“Multi-Tissue Integrative Analysis of Personal Epigenomes”, Joel Rozowsky, Jorg Drenkow, Yucheng T. Yang, Gamze Gursoy, Timur Galeev, Beatrice Borsari, Charles B. Epstein, Kun Xiong, Jinrui Xu, Jiahao Gao, Keyang Yu, Ana Berthel, Zhanlin Chen, Fabio Navarro, Jason Liu, Maxwell S. Sun, James Wright, Justin Chang, Christopher J. F. Cameron, Noam Shoresh, Elizabeth Gaskell, Jessika Adrian, Sergey Aganezov, Gabriela Balderrama-Gutierrez, Samridhi Banskota, Guillermo Barreto Corona, Sora Chee, Surya B. Chhetri, Gabriel Conte Cortez Martins, Cassidy Danyko, Carrie A. Davis, Daniel Farid, Nina P. Farrell, Idan Gabdank, Yoel Gofin, David U. Gorkin, Mengting Gu, Vivian Hecht, Benjamin C. Hitz, Robbyn Issner, Melanie Kirsche, Xiangmeng Kong, Bonita R. Lam, Shantao Li, Bian Li, Tianxiao Li, Xiqi Li, Khine Zin Lin, Ruibang Luo, Mark Mackiewicz, Jill E. Moore, Jonathan Mudge, Nicholas Nelson, Chad Nusbaum, Ioann Popov, Henry E. Pratt, Yunjiang Qiu, Srividya Ramakrishnan, Joe Raymond, Leonidas Salichos, Alexandra Scavelli, Jacob M. Schreiber, Fritz J. Sedlazeck, Lei Hoon See, Rachel M. Sherman, Xu Shi, Minyi Shi, Cricket Alicia Sloan, J. Seth Strattan, Zhen Tan, Forrest Y. Tanaka, Anna Vlasova, Jun Wang, Jonathan Werner, Brian Williams, Min Xu, Chengfei Yan, Lu Yu, Christopher Zaleski, Jing Zhang, J. Michael Cherry, Eric M. Mendenhall, William S. Noble, Zhiping Weng, Morgan E. Levine, Alexander Dobin, Barbara Wold, Ali Mortazavi, Bing Ren, Jesse Gillis, Richard M. Myers, Michael P. Snyder, Jyoti Choudhary, Aleksandar Milosavljevic, Michael C. Schatz, Roderic Guigó, Bradley E. Bernstein, Thomas R. Gingeras, Mark Gerstein2021-04-26 (genome sequencing; similar):
Evaluating the impact of genetic variants on transcriptional regulation is a central goal in biological science that has been constrained by reliance on a single reference genome.

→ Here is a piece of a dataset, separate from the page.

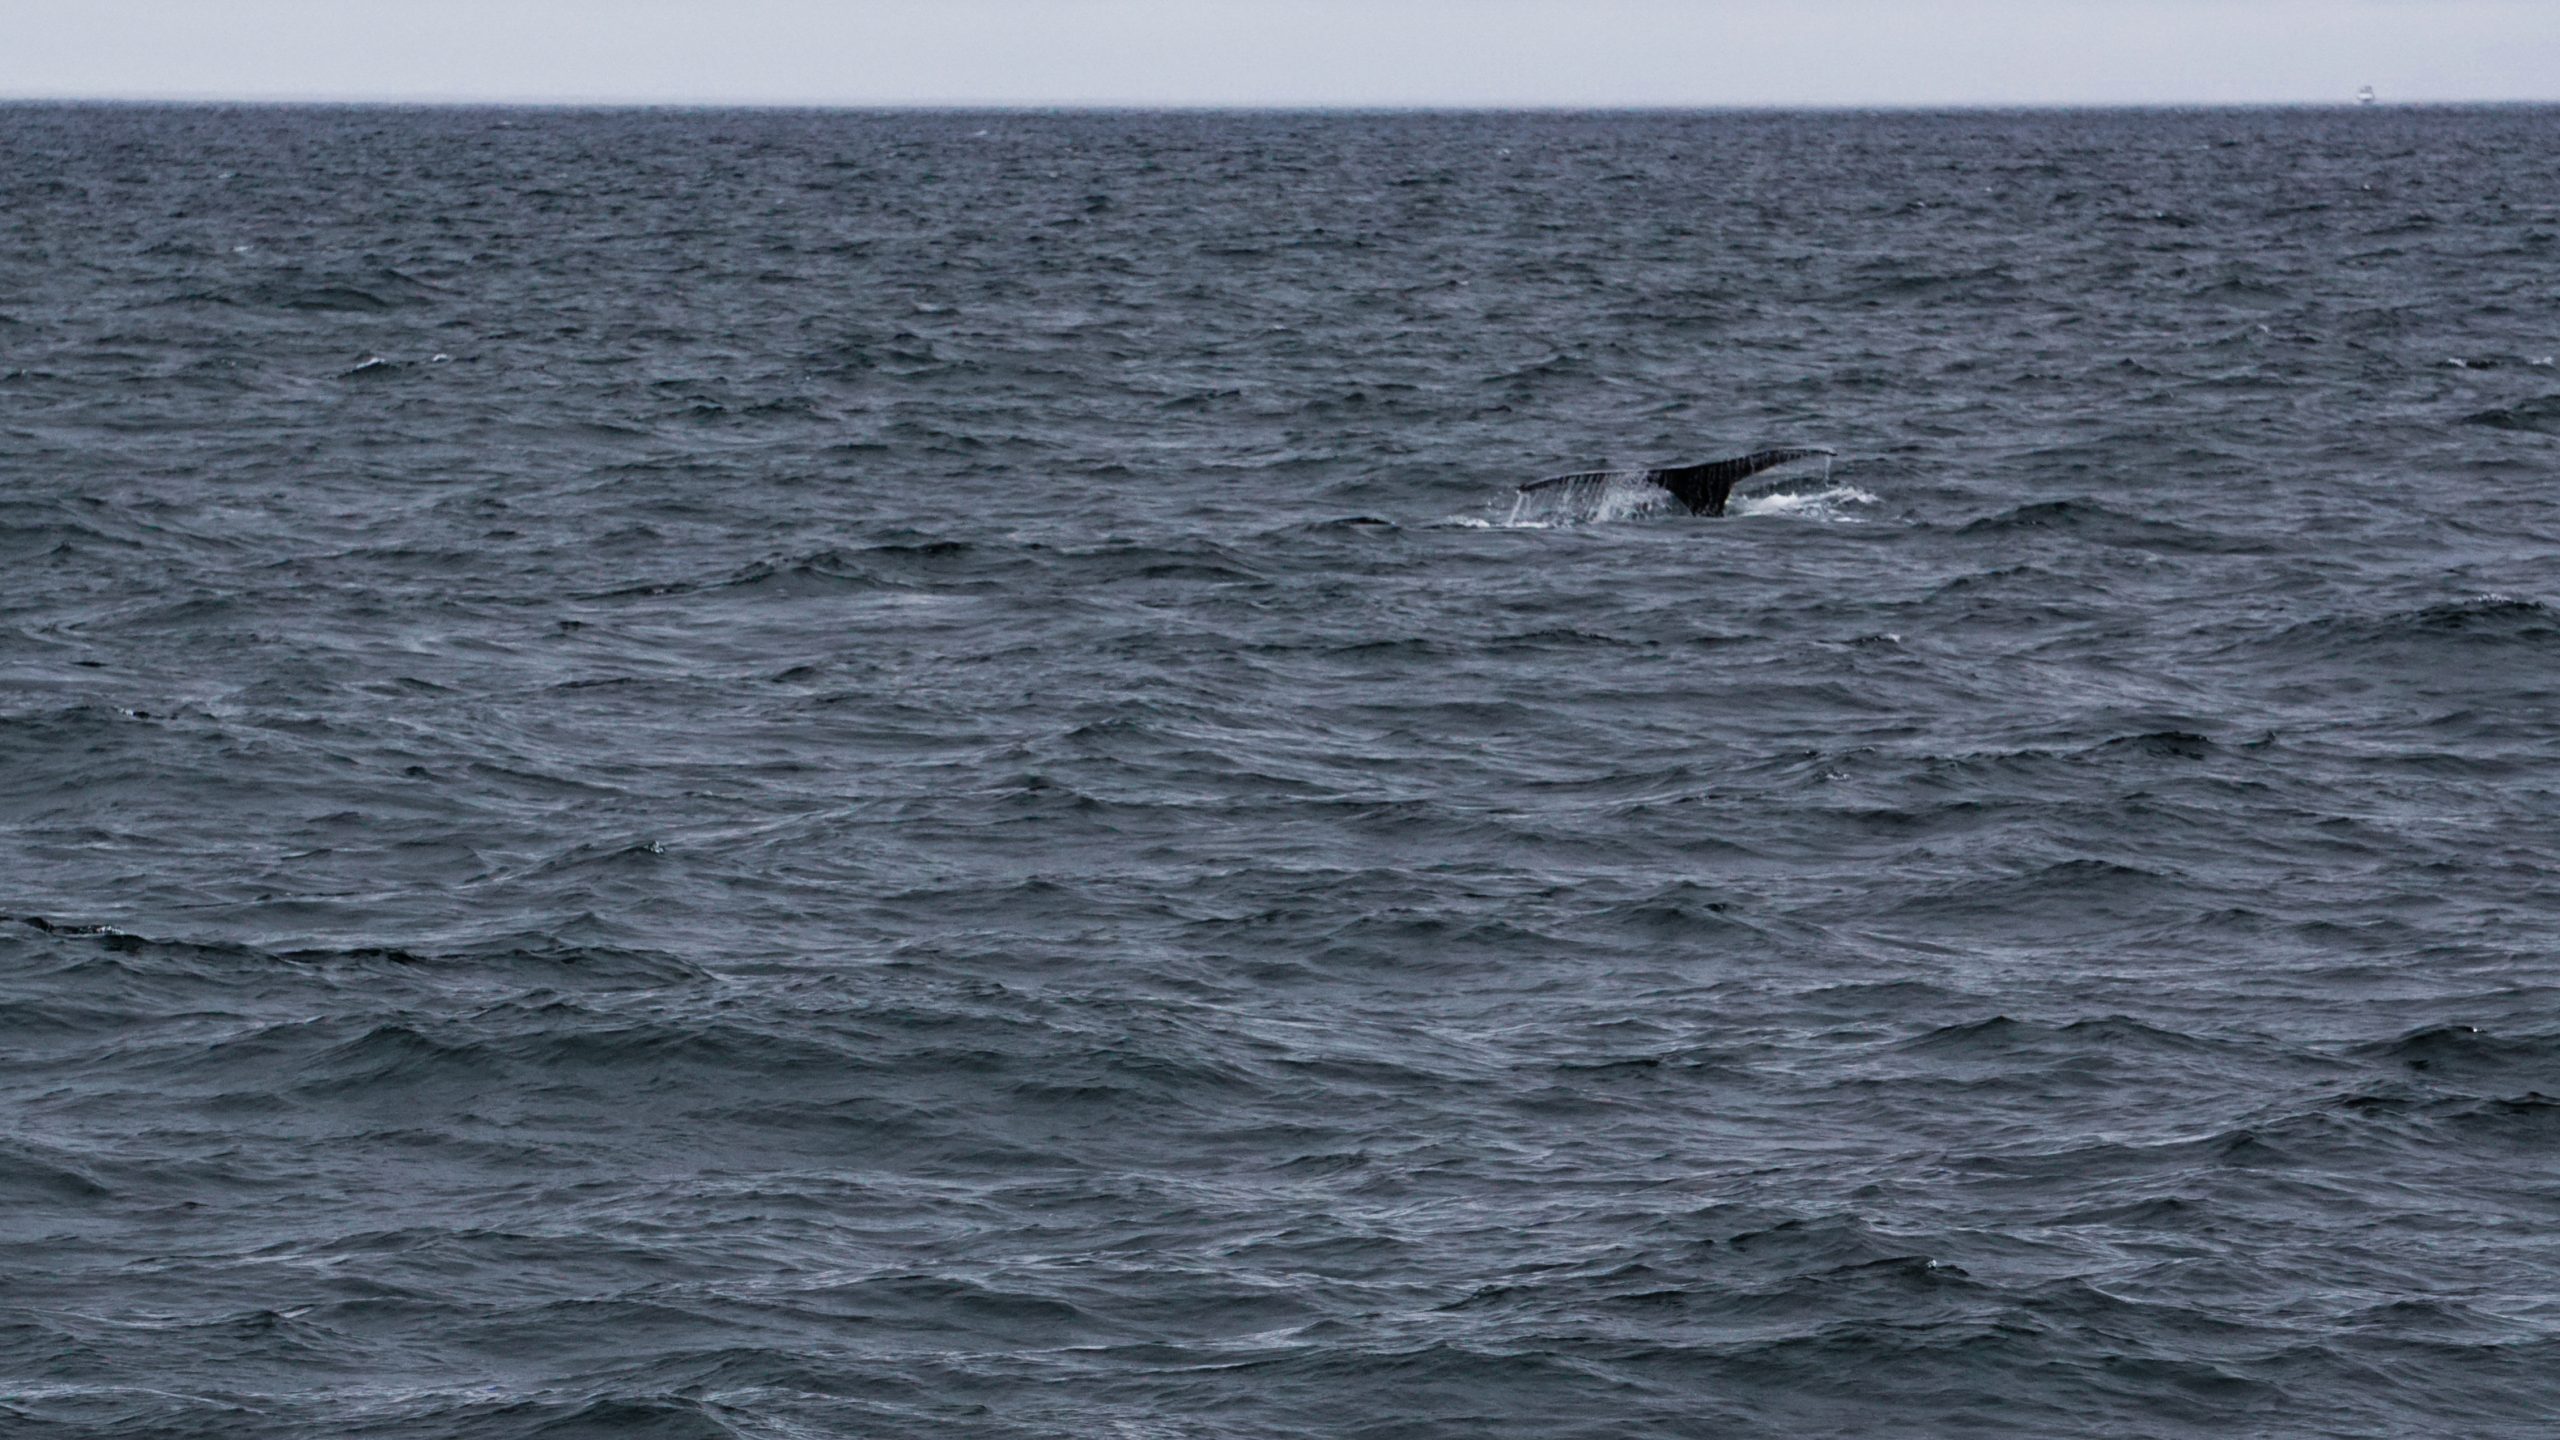 The tail of a humpback whale in the see

To address this, we constructed phased, diploid genomes for 4 cadaveric donors (using long-read sequencing) and systematically charted noncoding regulatory elements and transcriptional activity across more than 25 tissues from these donors.
Integrative analysis revealed over a million variants with allele-specific activity, coordinated, locus-scale allelic imbalances, and structural variants impacting proximal chromatin structure. We relate the personal genome analysis to the ENCODE encyclopedia, annotating allele-specific and tissue-specific elements that are strongly enriched for variants impacting expression and disease phenotypes.
These experimental and statistical approaches, and the corresponding EN-TEx resource, provide a framework for personalized functional genomics.